Carter's observations may seem obvious to many of us here at Pandagon. We've seen this racist, code-laden garbage surface during the 2008 campaign only to revive with a bigoted bang right after the inauguration. But it's significant that the former President, a man of the South (as is Joe "You Lie!" Wilson) during a time when there was enormous social race-based upheaval calls it out so bluntly. He knows most of this crap is simply dancing around calling the current President of the United States a n*gger -- and you know Wilson knows it too.

Honestly, I'm surprised these fringe birthers, teabaggers and junior-league Klan member wannabes haven't thrown down that card yet. It's on the tips of their forked tongues. (Huff Post):

"I think it's based on racism. There is an inherent feeling among many in this country that an African-American should not be president."

The Georgia Democrat said the outburst was a part of a disturbing trend directed at the president that has included demonstrators equating Obama to Nazi leaders.

"Those kind of things are not just casual outcomes of a sincere debate on whether we should have a national program on health care," he said. "It's deeper than that."

More of what Pres.
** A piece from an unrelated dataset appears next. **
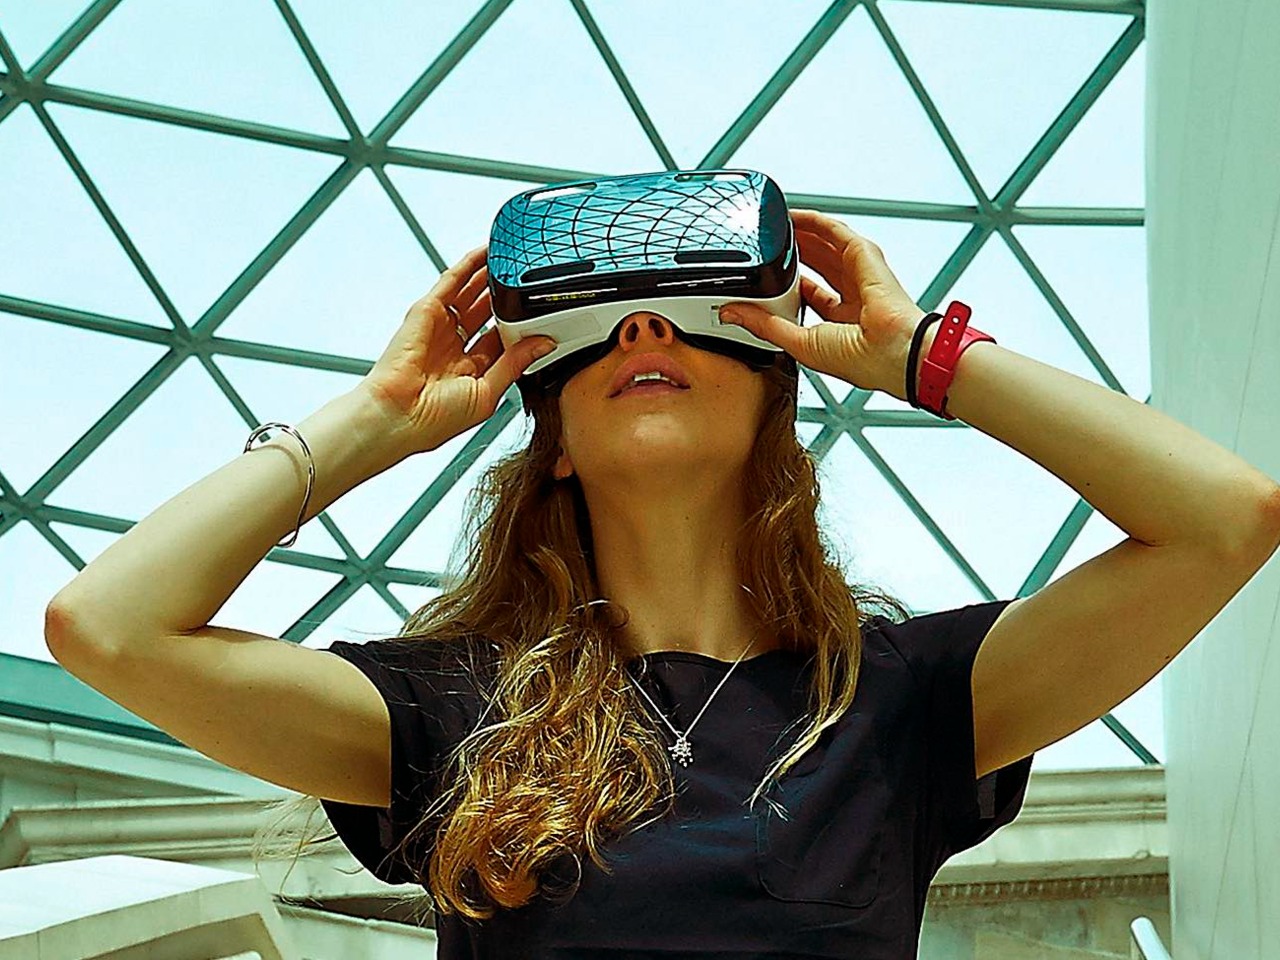 Будущее уже наступило: VR-тур в Музее космонавтики | Цена 6875₽, отзывы, описание экскурсии

Carter said, via the WaPo:
"I think an overwhelming portion of the intensely demonstrated animosity toward President Barack Obama is based on the fact that he is a black man, that he's African American," Carter told NBC in an interview. "I live in the South, and I've seen the South come a long way, and I've seen the rest of the country that shared the South's attitude toward minority groups at that time, particularly African Americans"

Continued Carter: "And that racism inclination still exists... It's an abominable circumstance, and it grieves me and concerns me very deeply."